Milhões de fiéis lotam a praia de Copacabana na fria noite do dia 25 de julho para participar da festa de acolhida com o Papa Francisco. A grande maioria assiste ao show pelos inúmeros telões sequencialmente dispostos ao longo da praia.
Milhões de fiéis lotam a praia de Copacabana na fria noite do dia 25 de julho para participar da festa de acolhida com o Papa Francisco. A grande maioria assiste ao show pelos inúmeros telões sequencialmente dispostos ao longo da praia.

Socialização e interação com outras culturas

Esse foi um aspecto interessantíssimo que observei durante a JMJ – o interesse geral por saber de onde o outro procedia, o que se fazia em sua cidade ou país, aspectos culturais específicos e etc. Alguns jovens inclusive utilizavam caderninhos para anotar dados dos companheiros de jornada recém conhecidos, possivelmente, para fazer algum contato posterior pela Internet. Como em todas as JMJs, muitas novas amizades serão consolidadas após essa Jornada e até mesmo namoros e casamentos dela resultarão, o que penso ter mais a ver com as estatísticas naturais do que qualquer outra coisa. Afinal, trata-se de milhares de jovens em pleno frescor de beleza e exuberância da juventude.

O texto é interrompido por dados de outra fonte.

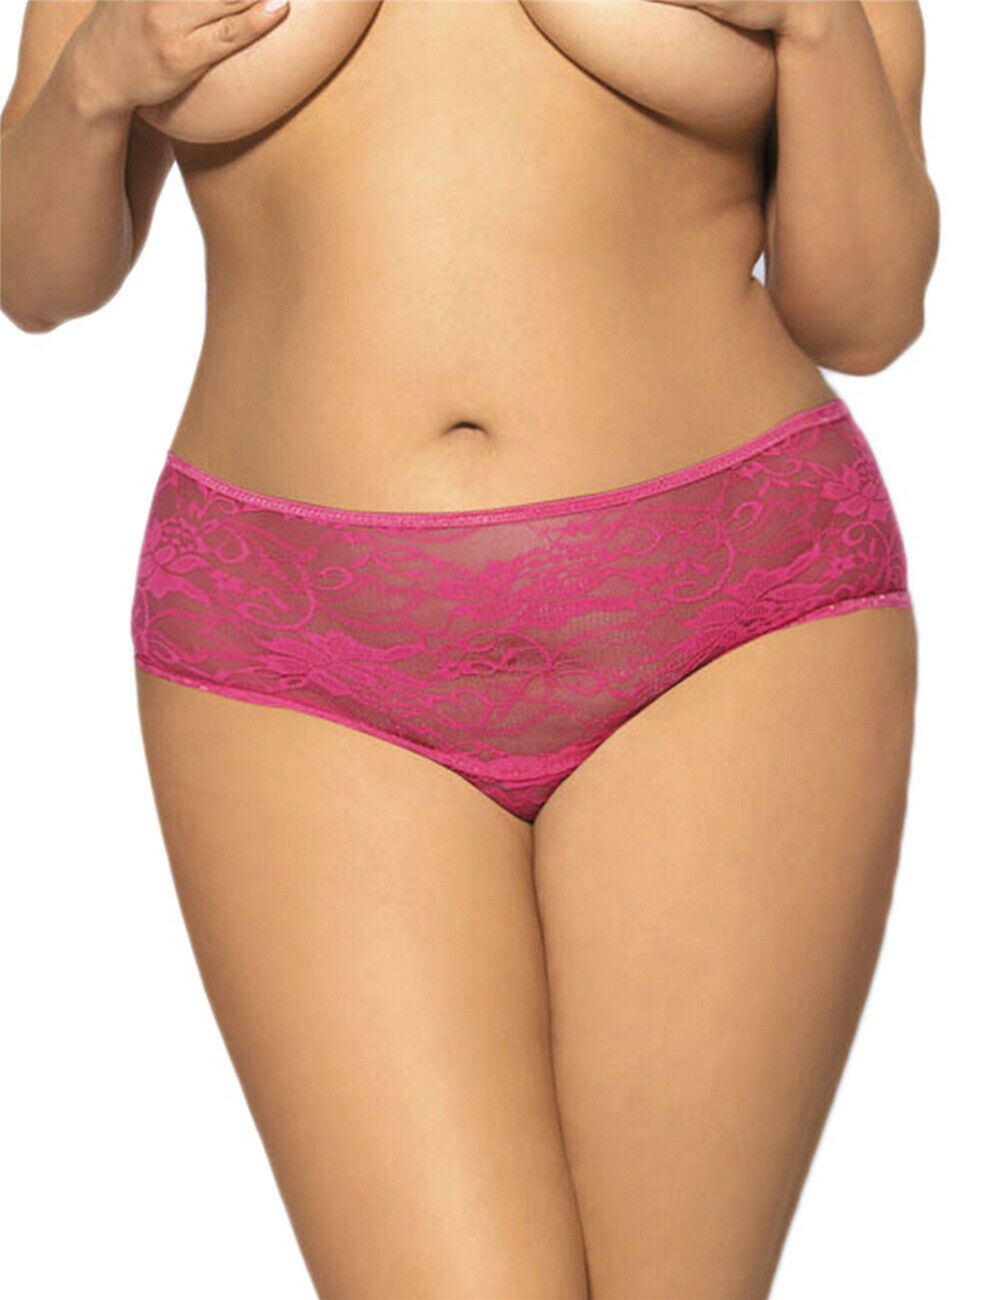 Crotchless Panties Plus Size XL - 6XL Pink French Knickers Open Crotch  Underwear

ASPECTOS ALTAMENTE QUESTIONÁVEIS QUE COLOCAM O SENSUS CATHOLICUS EM ESTADO DE ALERTA

Euforia

Igualmente aos aspectos positivos descritos acima, a JMJ, indubitavelmente, teve seus pontos fracos, e não foram poucos. O primeiro, em minha opinião, foi ter sido transformada em dogma. Ai de quem, se dizendo católico, diga algo contra a JMJ, sua organização, os eventos oferecidos aos jovens, os artistas contratados (ainda que sejam defensores públicos de agendas anticatólicas) ou até mesmo palavras informais do Santo Padre. “Ah! Isso não é coisa de católico! A JMJ está atraindo os jovens e mostrando o rosto vivo da Igreja!” “Curta a vida, curta o Papa!” é o lema, o que pode ser traduzido por “Não encha a nossa paciência falando mal da Jornada!”

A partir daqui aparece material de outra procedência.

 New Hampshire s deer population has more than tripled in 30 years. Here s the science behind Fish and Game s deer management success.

O clima de euforia foi sentido já na chamada pré-jornada, em que não se falava de outra coisa nessa arquidiocese a não ser a JMJ. Por um lado, até entendo, pois era necessário mobilizar, angariar recursos, conquistar a mídia e as pessoas para o voluntariado e hospedagem, e isso se faz através de uma intensa máquina de marketing e propaganda. Por outro, causou-me estranheza que esse enfoque exclusivista tenha deixado de lado o combate a temas urgentes, como a defesa da vida dos nascituros e o matrimônio entre  um homem e uma mulher, que foram para debaixo do tapete justamente no momento em que projetos de lei altamente nocivos à vida e à família avançavam e eram votados sob o silêncio sepulcral dos bispos do Brasil. Pouquíssimos foram os prelados que se manifestaram de forma ativa e clara sobre esses tópicos. Nem mesmo o Santo Padre foi incisivo a esse respeito. Na iminência da sanção ou repúdio presidencial ao projeto abortista PLC 03/2013, o máximo que ouvimos dele foi um apelo de proteção “à vida, que é dom de Deus, um valor que deve ser sempre tutelado e promovido”, o que pode ser entendido de maneira ampla, especialmente, quando anteriormente ele fizera referência ao cuidado com os idosos e pobres. Será que um engajamento maior por parte da hierarquia com respeito a esses temas atrairia a antipatia da mídia e dos jovens e atrapalharia os interesses da JMJ? – indago-me.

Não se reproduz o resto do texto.